2. XML: Android user interfaces and resources are specified in XML (EXtensible Markup Language). To compare to web programming: the XML contains what would normally go in the HTML/CSS, while the Java code will contain what would normally go in the JavaScript.

   XML is just like HTML, but you get to make up your own tags. Except we’ll be using the ones that Android made up; so it’s like defining web pages, except with a new set of elements. This course expects you to have some familiarity with HTML or XML, but if not you should be able to infer what you need from the examples.

1.2.2 Building Apps

As stated above, we will write code in Java and XML. But how does that code get run on the phone’s hardware?

Pre-Lollipop (5.0), Android code ran on Dalvik: a virtual machine similar to the JVM used by Java SE.

• Fun fact for people with a Computer Science background: Dalvik uses a register-based architecture rather than a stack-based one!

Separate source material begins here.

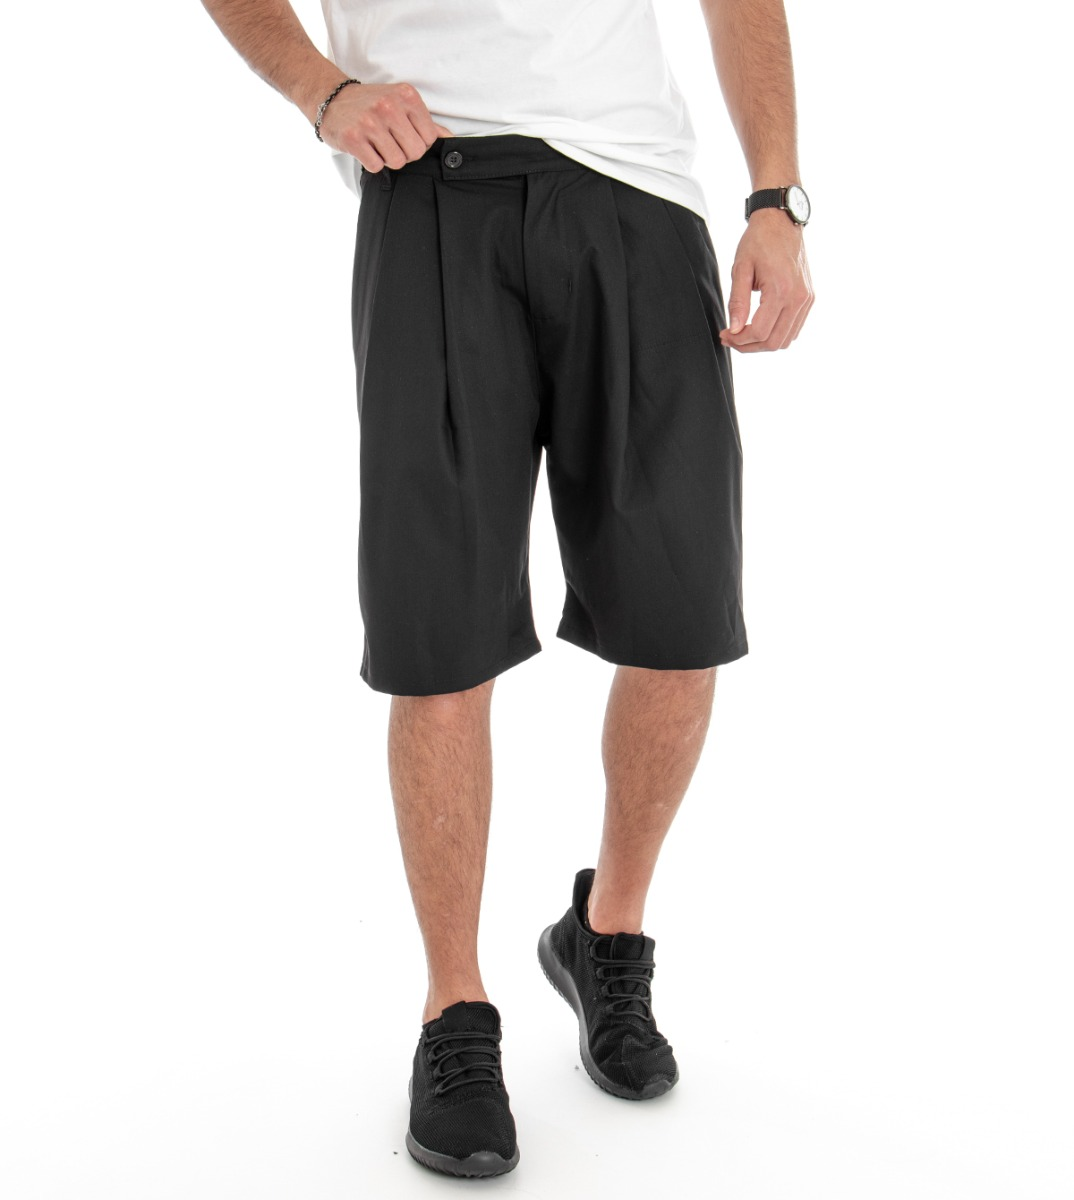 Bermuda Uomo Pantaloncini Pantalone Corto Fantasia Scozzese Grigio Casual GIOSAL

A developer would write Java code, which would then be compiled into JVM bytecode, which would then be translated into DVM (Dalvik virtual machine) bytecode, that could be run on Android devices. This DVM bytecode was stored in .dex or .odex (“[Optimized] Dalvik Executable”) files, which is what was loaded onto the device. The process of converting from Jave code to dex files is called “dexing” (so code that has been built is “dexed”).

Dalvik does include JIT (“Just In Time”) compilation to native code that runs much faster than the code interpreted by the virtual machine, similar to the Java HotSpot. This navite code is faster because no translation step is needed to talk to the actual hardware (the OS).

From Lollipop (5.0) on, Android instead uses Android Runtime (ART) to run code. ART’s biggest benefit is that it compiles the .dex bytecode into native code on installation using AOT (“Ahead of Time”) compilation. ART continues to accept .dex bytecode for backwards compatibility (so the same dexing process occurs), but the code that is actually installed and run on a device is native. This allows for applications to have faster execution, but at the cost of longer install times—but since you only install an application once, this is a pretty good trade.

After being built, Android applications (the source, dexed bytecode, and any resources) are packaged into .apk files. These are basically zip files (they use the same gzip compression); if you rename the file to be .zip and you can unpackage them! The .apk files are then cryptographically signed to specify their authenticity, and either “side-loaded” onto the device or uploaded to an App Store for deployment.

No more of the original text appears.